From cf5a2e82fcd8c99ed1a4f770bcfd0f1e9e8f0982 Mon Sep 17 00:00:00 2001
From: Dominik Roth <dominik.roth.dev@gmail.com>
Date: Sat, 25 Jun 2022 18:29:55 +0200
Subject: [PATCH] mean and std are now saved to the rollout

---
 sb3_trl/trl_pg/trl_pg.py | 6 +++++-
 1 file changed, 5 insertions(+), 1 deletion(-)

diff --git a/sb3_trl/trl_pg/trl_pg.py b/sb3_trl/trl_pg/trl_pg.py
index d217f89..458c4e7 100644
--- a/sb3_trl/trl_pg/trl_pg.py
+++ b/sb3_trl/trl_pg/trl_pg.py
@@ -434,6 +434,11 @@ class TRL_PG(OnPolicyAlgorithm):
                 # Convert to pytorch tensor or to TensorDict
                 obs_tensor = obs_as_tensor(self._last_obs, self.device)
                 actions, values, log_probs = self.policy(obs_tensor)
+                dist = self.policy.get_distribution(obs_tensor)
+                # TODO: Enforce this requirement somwhere else...

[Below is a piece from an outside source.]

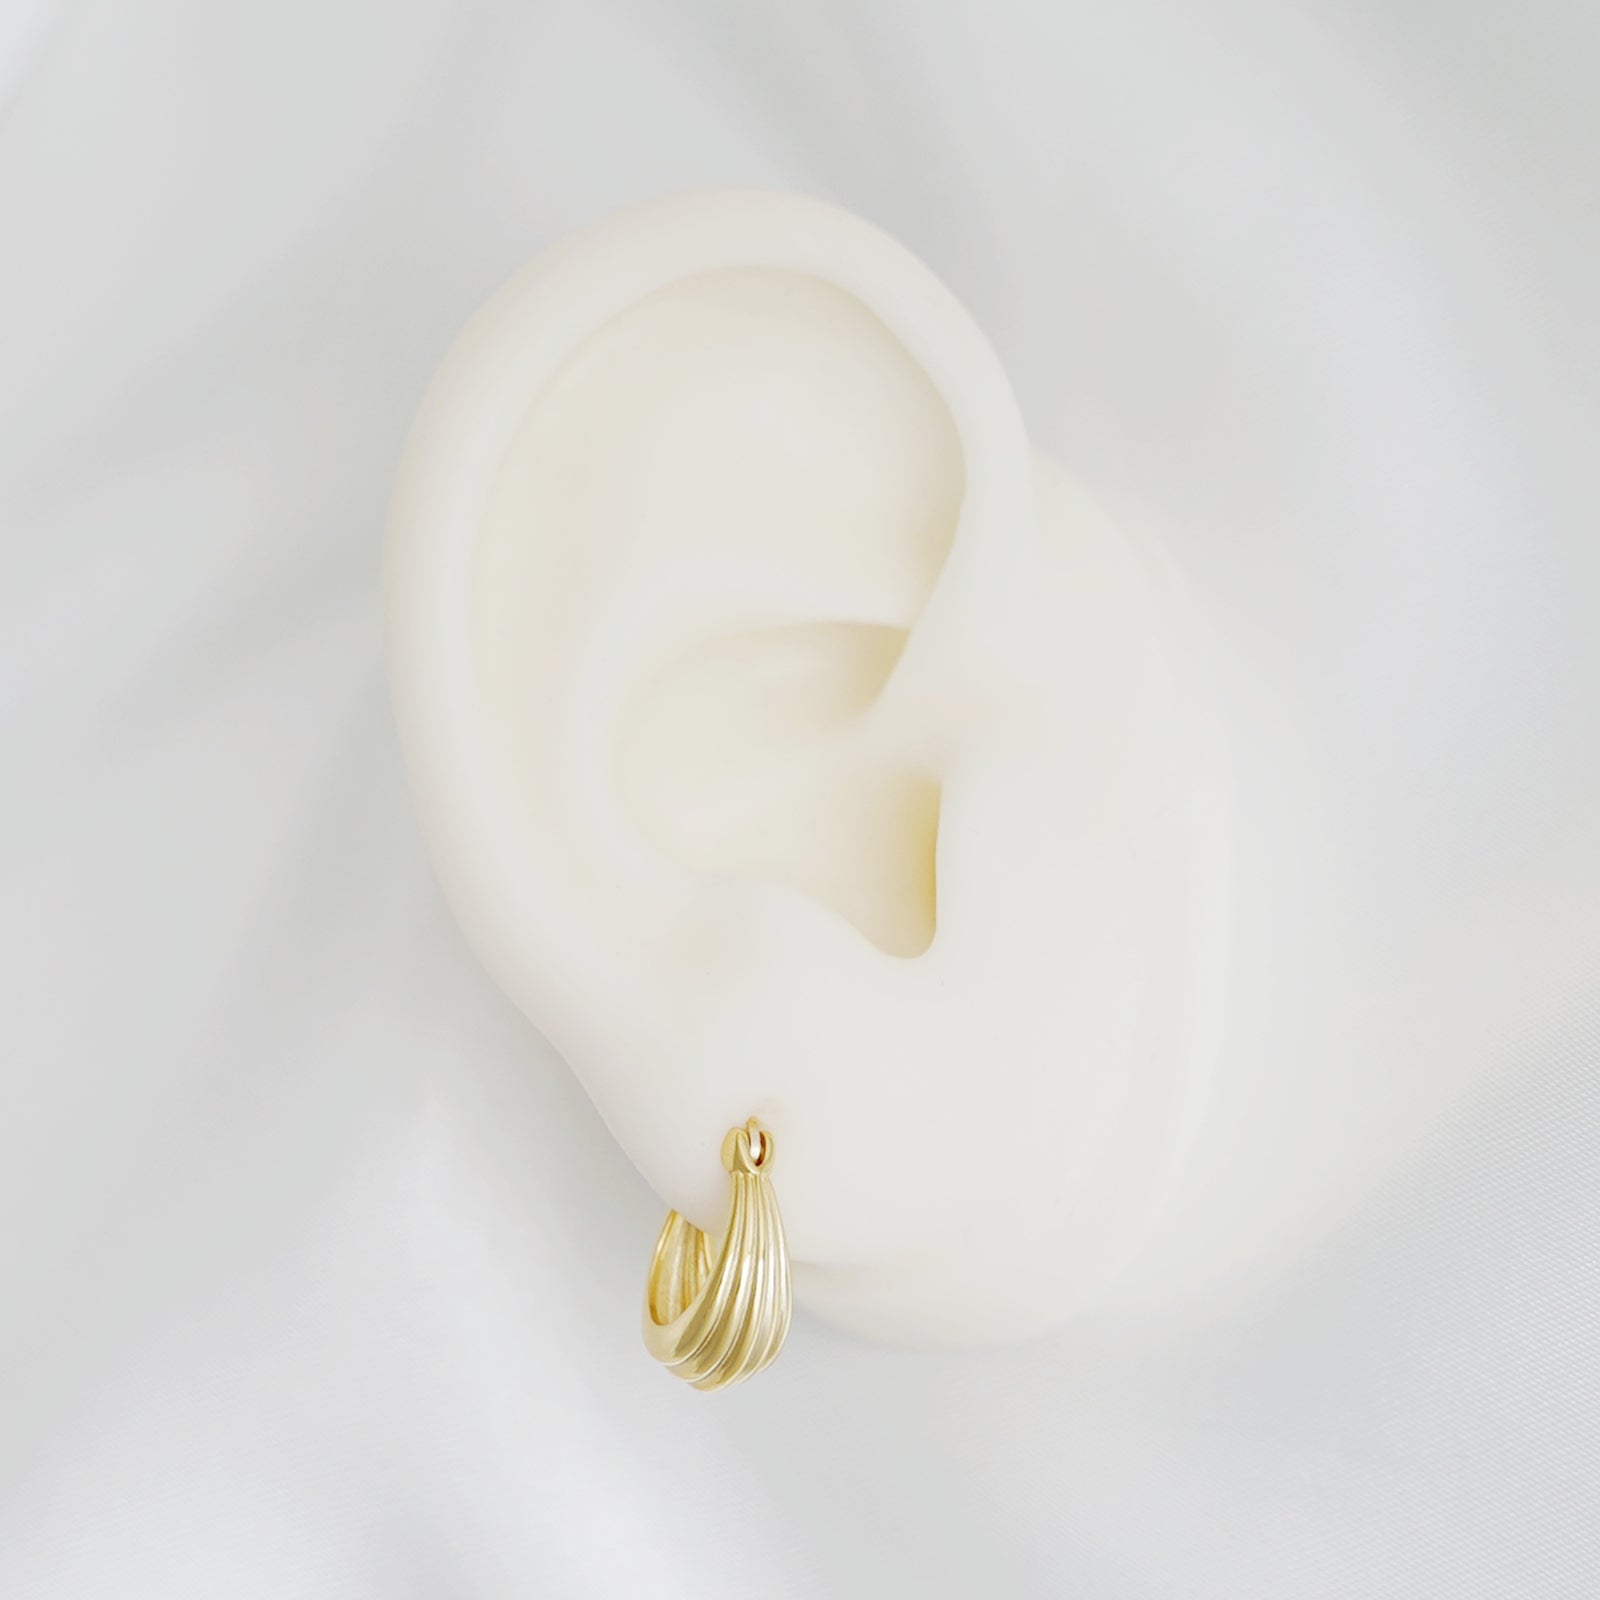 Sterling Silver Teardrop Hoop Earrings with Hinged French Lock Closure - 2 Tones - sugarkittenlondon

+                assert isinstance(
+                    dist, th.distributions.Normal), 'TRL is only implemented for Policys in a continuous action-space that is gauss-parametarized!'
+                mean, std = dist.mean, dist.stddev
             actions = actions.cpu().numpy()
 
             # Rescale and perform action
@@ -474,7 +479,6 @@ class TRL_PG(OnPolicyAlgorithm):
                             0]
                     rewards[idx] += self.gamma * terminal_value
 
-            # TODO: how to calc mean + std
             rollout_buffer.add(self._last_obs, actions, rewards,
                                self._last_episode_starts, values, log_probs, mean, std)
             self._last_obs = new_obs